4. A critical piece of this story is to know that the "Lgr3+" mBNs that are being manipulated actually express Lgr3. This is not obvious or explicitly discussed, but it seems that co-expression of the driver lines used here with an Lgr3 line may have been performed in a previous study (Meissner et al., 2016). The authors should clarify this and be explicit about what proportion of Lgr3+ mBNs they think they are targeting, and also what proportion of neurons they are targeting likely express Lgr3.

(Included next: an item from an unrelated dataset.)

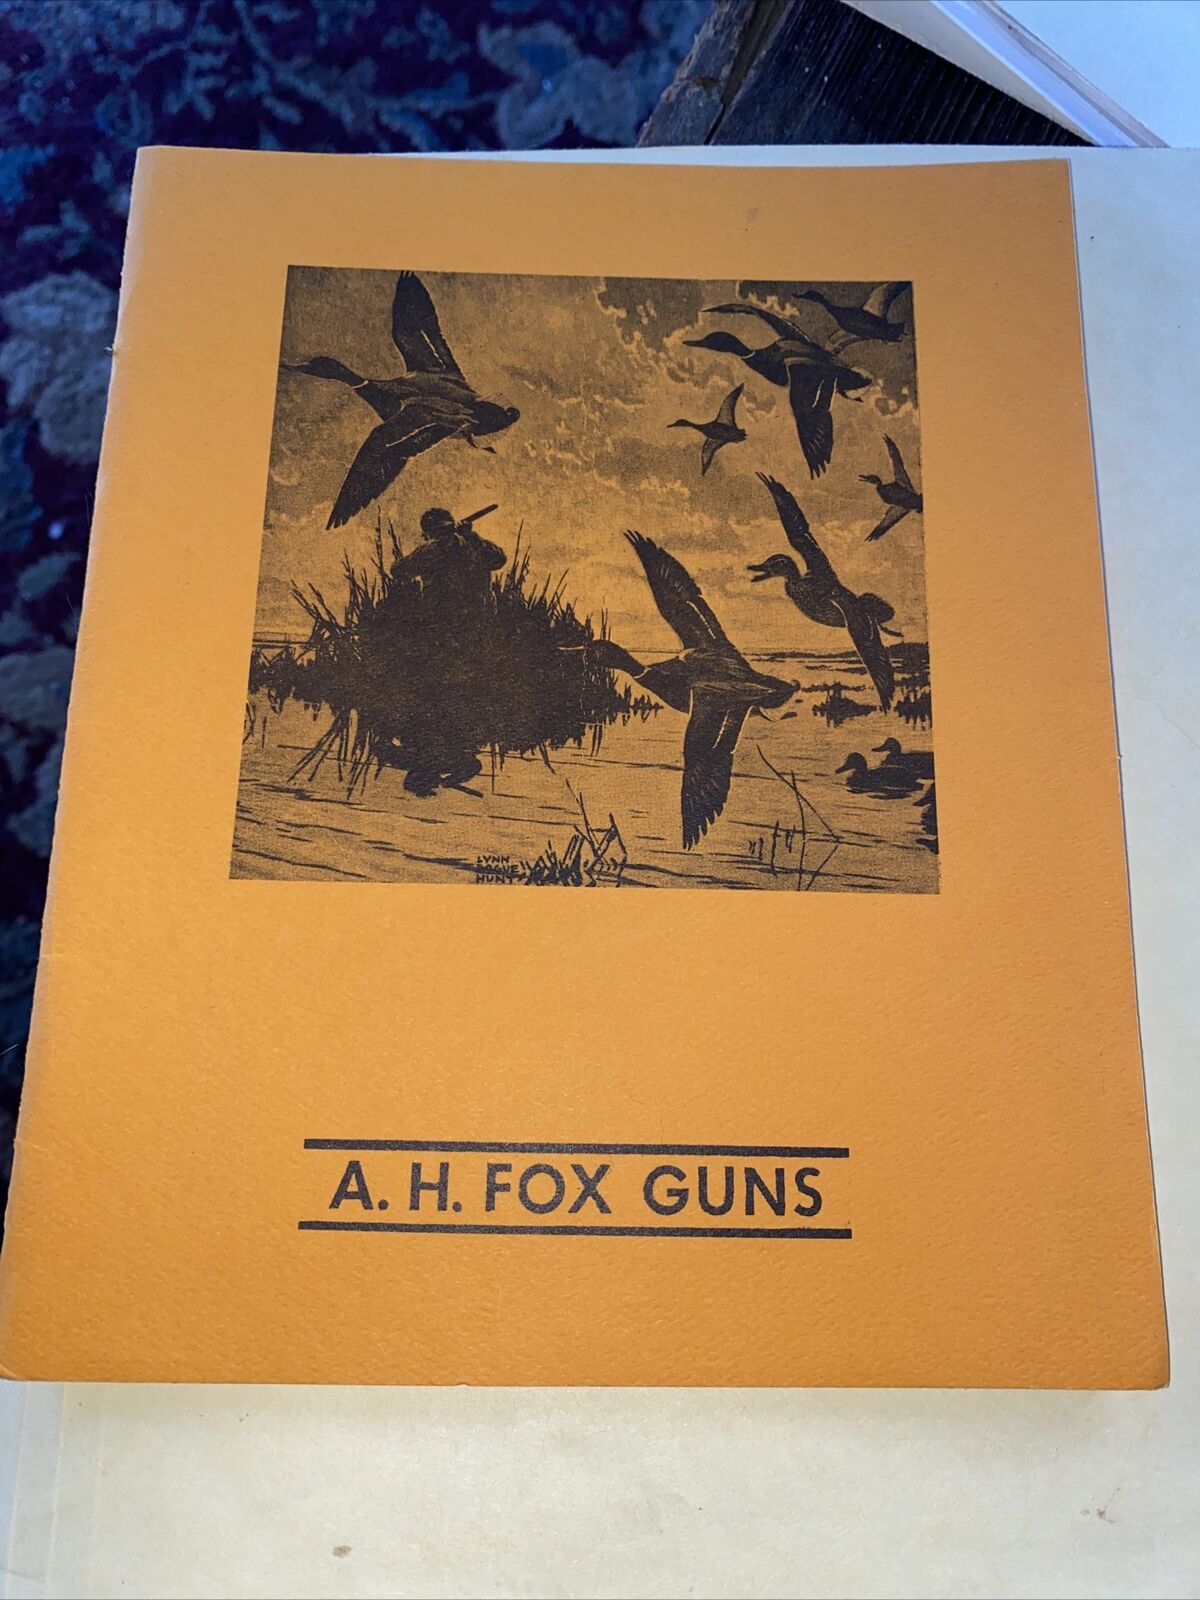 AH Fox Max 47% OFF Popular products Reprint Gun Catalog

5. The picture of the "off-target" SAGb neuron in Figure 3 – —figure supplement 3A doesn't really look like its pictures in panel B of the same figure, where it is labeled by different driver lines; in fact the additional lines look more like SAG than SAGb. I am not sure how the authors know that these other driver lines are labeling the same neuron as the "off-target" neuron in the SAG-SS3 line.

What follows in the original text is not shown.